Tax expert Sandeep Agrawal suggested that a lower rate of premium would benefit buyers, and help in increasing insurance penetration in India.
“A reduction in GST on insurance products will directly lower the overall cost of insurance premiums for customers. For instance, if GST is reduced from 18% to 12%, the effective premium paid by the policyholder would decrease proportionally. This makes insurance more affordable and accessible, potentially increasing the penetration of insurance in the market,” Sandeep Agrawal, Director and Founder of Teamlease Regtech told India Today Digital.
“Lower premiums could lead to increased market expansion, higher renewal rates, and incentivise existing policyholders to opt for enhanced coverage or add-ons, ultimately boosting financial protection. Additionally, this change aligns with government initiatives aimed at improving insurance penetration in India, where coverage levels are still low compared to global standards,” Agrawal added.

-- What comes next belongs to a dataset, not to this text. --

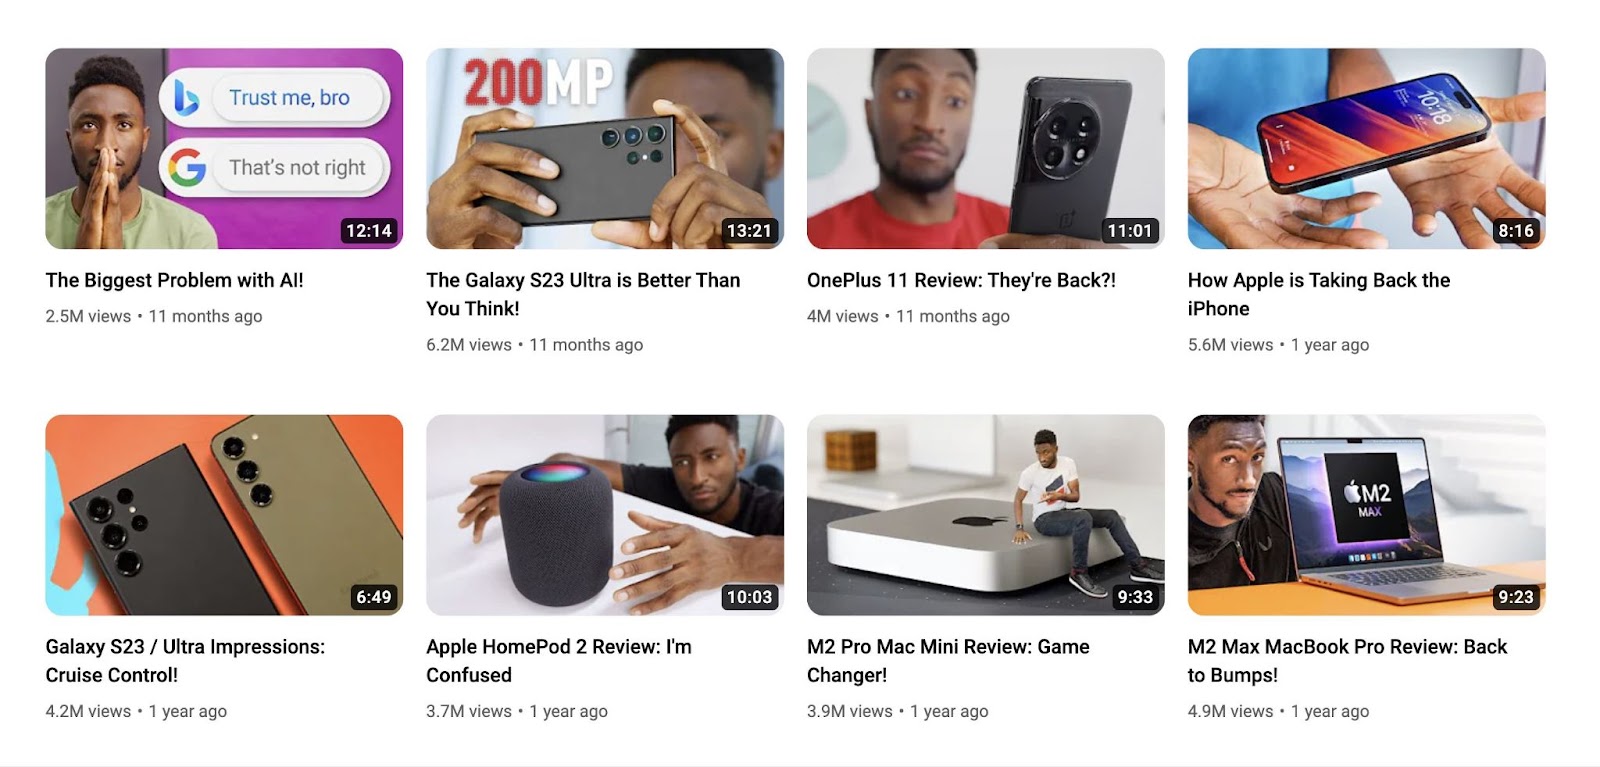 A section of Marques Brownlee's channel, showing video thumbnails featuring shots of the products

A 13-member Group of Ministers (GoM) was formed to examine the issue. Bihar Deputy Chief Minister Samrat Chaudhary, who heads the GoM, said, “Every GoM member wants to give relief to people. Special focus will be on senior citizens. We will submit a report to the Council. A final decision will be taken by the Council.”
The GoM includes ministers from various states, including Uttar Pradesh, Rajasthan, West Bengal, Karnataka, Kerala, Andhra Pradesh, Goa, Gujarat, Meghalaya, Punjab, Tamil Nadu, and Telangana. This group is expected to submit its final report to the Council by the end of October.